PET Detection of Cerebral Necrosis Using an Infarct-Avid Agent 2-Deoxy-2-[F]Fluoro-D-Glucaric Acid (FGA) in a Mouse Model of the Brain Stroke.

Mol Imaging Biol 2020 10;22(5):1353-1361

Department of Pharmaceutical Sciences, College of Pharmacy, The University of Oklahoma Health Sciences Center, 1110 N. Stonewall Ave, Oklahoma City, OK, 73117, USA.

Purpose: Ischemic stroke is a leading cause of disability worldwide. The volume of necrotic core in affected tissue plays a major role in selecting stroke patients for thrombolytic therapy or endovascular thrombectomy. In this study, we investigated a recently reported positron emission tomography (PET) agent 2-deoxy-2-[F]fluoro-D-glucaric acid (FGA) to determine necrotic core in a model of transient middle cerebral artery occlusion (t-MCAO) in mice.
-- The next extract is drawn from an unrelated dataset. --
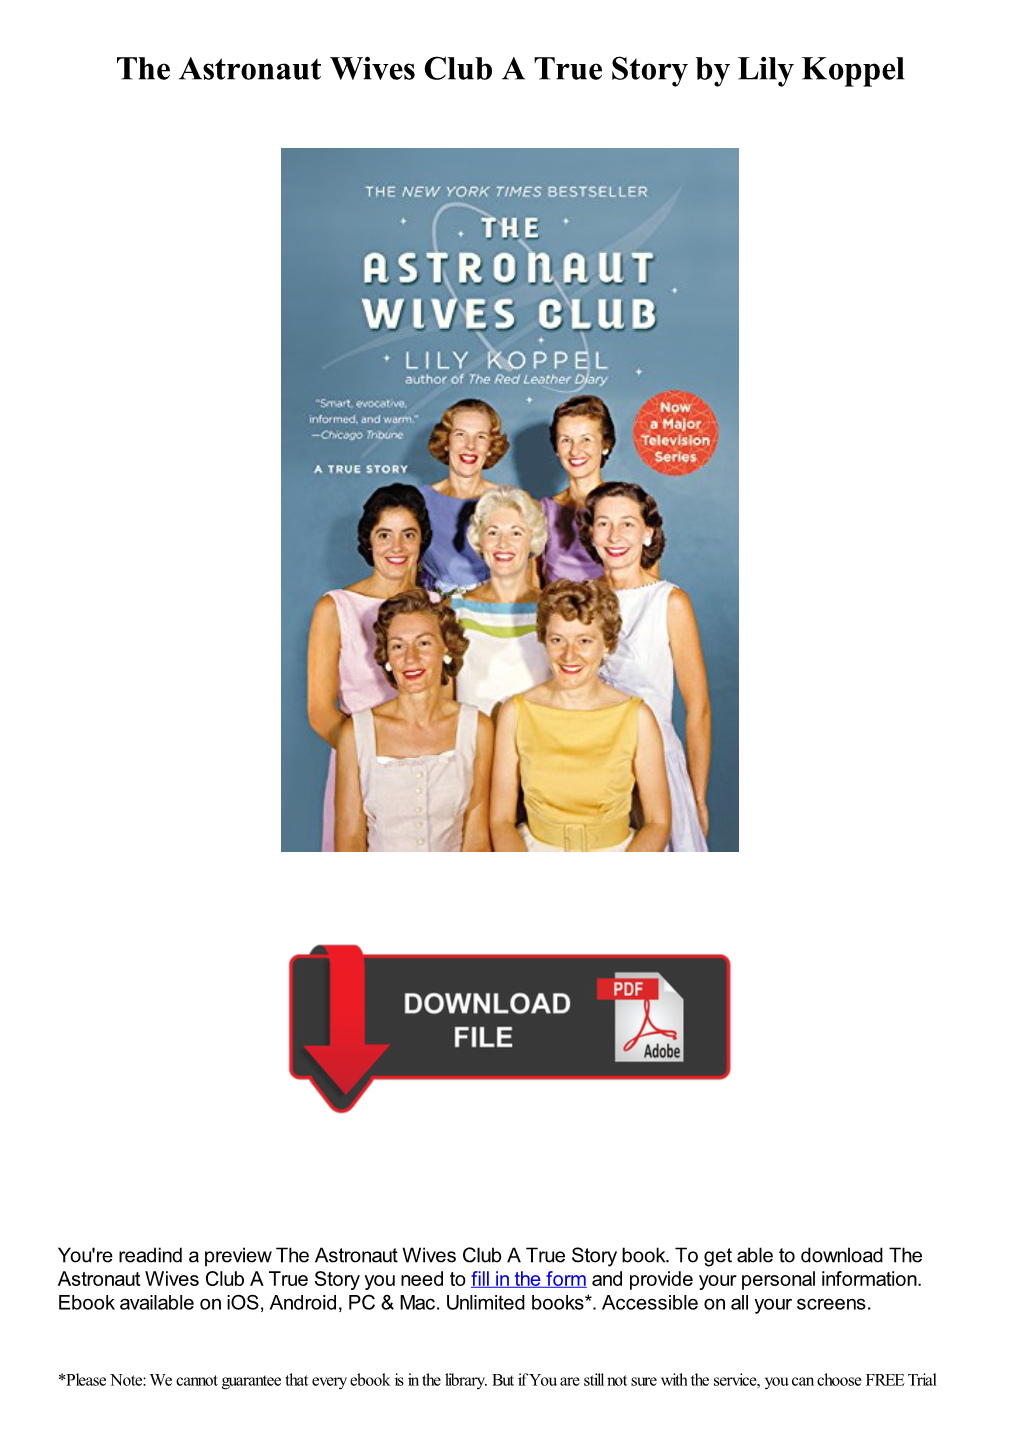 The Astronaut Wives Club a True Story by Lily Koppel

Procedures: The radiopharmaceutical, FGA, was synthesized by controlled, rapid, and quantitative oxidation of clinical doses of 2-deoxy-2-[F]fluoro-D-glucose (FDG) in a one-step reaction using a premade kit. Brain stroke was induced in the left cerebral hemisphere of CD-1 mice by occluding the middle cerebral artery for 1 h, and then allowing reperfusion by removing the occlusion. One day post-ictus, perfusion single-photon emission tomography (SPECT) was performed with Tc-lableled hexamethylpropyleneamine oxime (HMPAO), followed by PET acquisition with FGA. Plasma and brain tissue homogenates were assayed for markers of inflammation and neurotrophins.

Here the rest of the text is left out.